Monday, May 30, 2005


Tonight may be the night when the long dry spell comes to an end. Technically, we should be under a driving thunderstorm right now, at least according to the radar on the television. So far, there has been thunder and lightning, but it's been a cruel teaser. Nary a raindrop has least not here in Celebration.

With any luck, we may get a good soaking by morning. Our whole area (Kissimmee) is under yellow and red blobs on the radar screen. We've also managed to top 2000 lightning strikes, according to the Fox television counter. The lightning counter was a new thing for me when I moved to Florida. In Chicago, we had a heat index and a UV index, but I don't think we ever got enough lightning to warrant keeping track.

I did witness a lightning strike once, albeit indirectly. It was before I was married; I was in my apartment, sitting in the livingroom with the front door open so the screen door could let in the breeze. I knew it was going to rain, but the downpour hadn't arrived yet. Suddenly, there was an ear-slitting explosion and a bright flash of white. Along with all my neighbors, I raced outside to see what had happened. A tree had been struck a couple of houses down, with its charred trunk neatly split in two. Fortunately, no one was hurt, and it didn't fall on any houses.

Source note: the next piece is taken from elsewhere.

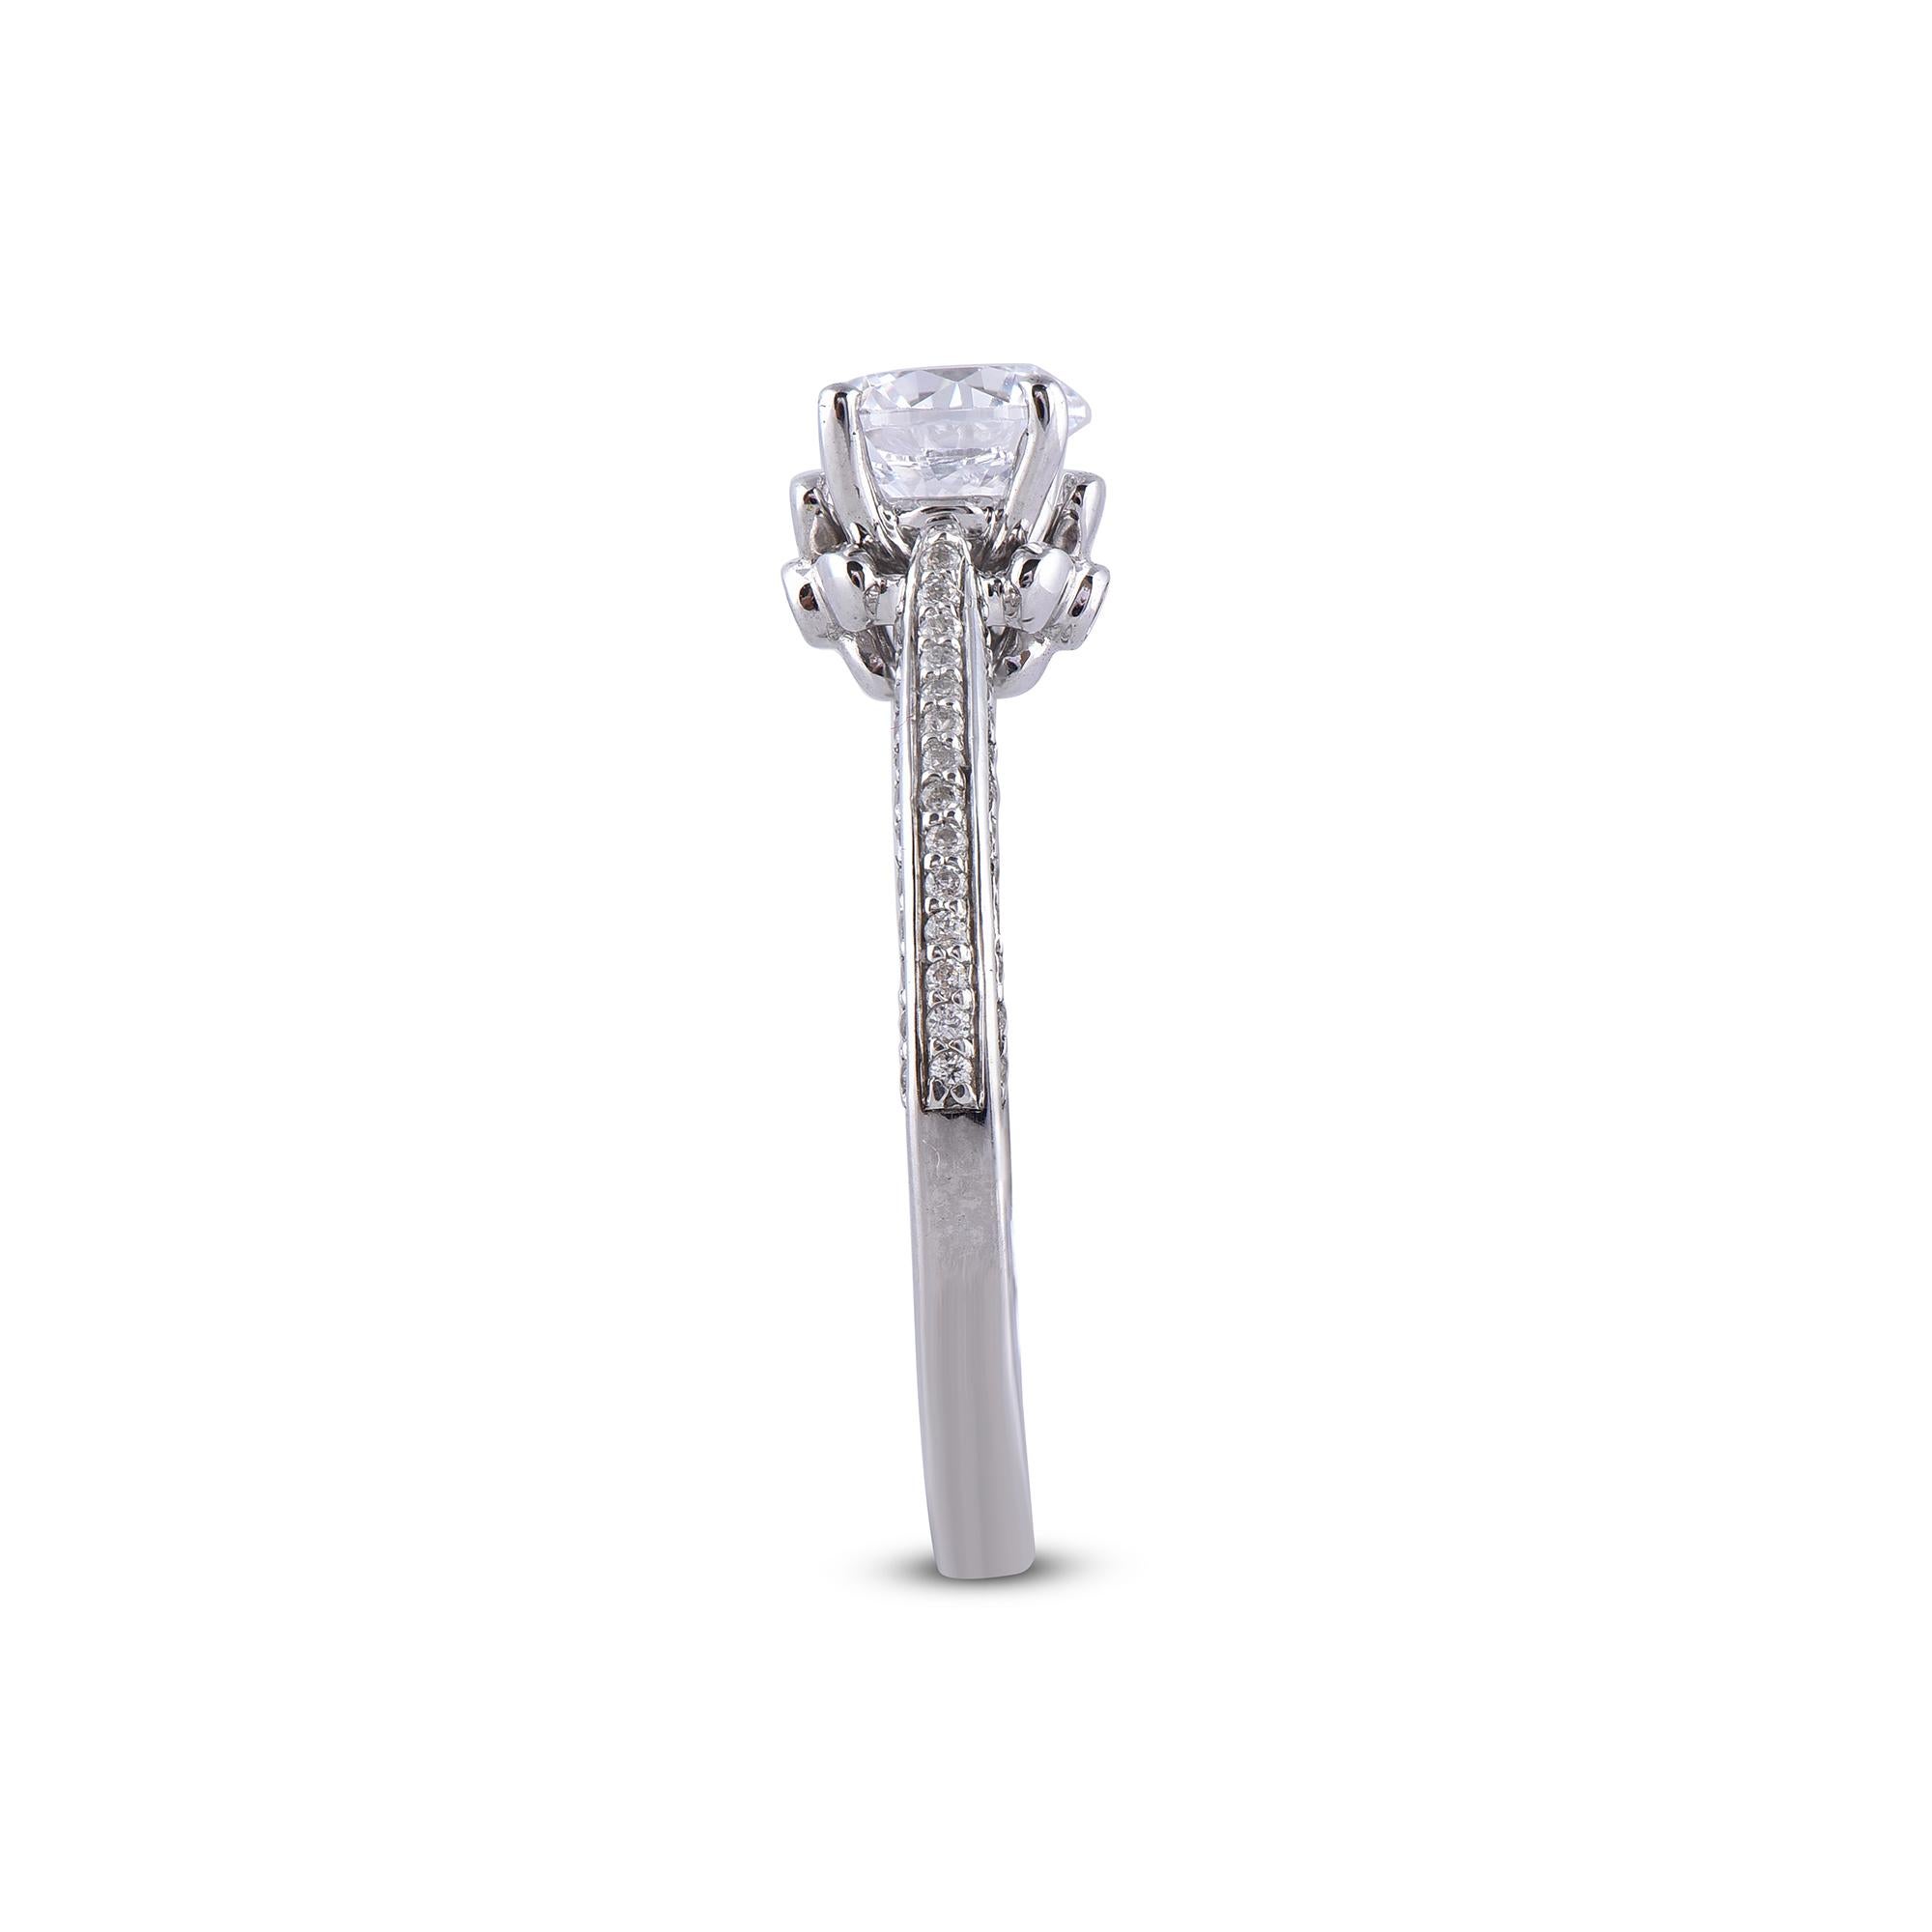 Round Cut TJD 1.00 Carat Round Diamond 18K White Gold Engagement Ring with Shoulder Stones For Sale

In Florida, I haven't witnessed any lightning strikes at close range yet, and hopefully things will remain that way. I worry about our home and appliances; we haven't taken any action yet, other than buying surge protector outlets, but we plan to sign up for Progress Energy's surge protection program. According to their website, and the propagada that they mail occasionally, for $5.95 a month, they "reduce electrical surges by suppressing them at your meter before they enter your home." In theory, the rainy season is here, so we should subscribe to the service soon.

Then again, the storms might be a no-show once again. I worked late this evening, and for a while the sky was lit up with nature's fireworks, punctuated with a distant rumble of thunder. It took a while to convince my husband that it really was thunder, and not just the echo of fireworks from Disney World, since it was Illuminations time.

But now that's all gone, and the sky is dark and undisturbed by any signs of imminent rain. I hope that it will make a resurgence overnight, because our poor lawn is dying out more every day. We ran the sprinklers, checking them carefully to make sure that they were all working and that none of them were blocked too badly by grass clumps or bushes. We found a couple that had gotten lost in grassy overgrowth; no matter how brown the rest of the lawn gets, the areas around the sprinklers stay like mini patches of jungle thicket. We cut them out to make sure that the precious water would reach the widest area possible.

Sprinklers are one of those aspects of Florida life that took some getting used to. In the Midwest, nature does most of the watering. During dry spells, you buy a lawn sprinkler that you hook up to your hose. The only houses there that have an underground irrigation system are those far above my socioeconomic level.

In Florida, sprinklers are the status quo. They are as inocuous as phone lines or a power meter. You have to keep an eye on them to make sure that none of the heads are broken, resulting in an Old Faithful-style gusher, and that they are correctly aimed, not blocked with sediment, and not lost under overgrowth. But once you get used to them, they become another fact of life.

The sprinklers use reclaimed water, i.e. water that you would not want to drink. It has an oddly sweet smell that I've never been able to figure out; I didn't even notice it until my husband pointed it out.

In contrast, the water in the house has a slightly swampy smell at certain times of the year. I don't even notice it anymore, but back in the days when we were tourists, I loved it. In my mind, it meant "Disney World," as it always tickled my nose when taking a shower at our hotel.

I'm so used to Florida now that when I return to Chicago, the water there smells funny to me. I was born and raised on Lake Michigan water, which tastes good but is heavily chlorinated. Since I never knew anything else, I never noticed the chlorine smell or taste. Now, that bleachy odor assaults my senses the moment it leaves the tap.

As I type this, the rain is still a no-show, but hopefully it will pour down in sheets overnight. Besides the scorched greenery, the lakes are as low as I've ever seen them, and one of the normally marshy areas along the East Village walking path has dried out to a muddy hole. With any luck, by tomorrow it will be teaming with water and bird life again.

If not, it will be back to waiting; supposedly, if we slip by unscathed tonight, the next chance of thunderstorms is tomorrow. I hate to ruin the tourists' afternoon plans, but I'm desperate. Just an hour or two is all that I ask...just enough to restore all the thirsty lawns and let the wetlands live up to their name once again.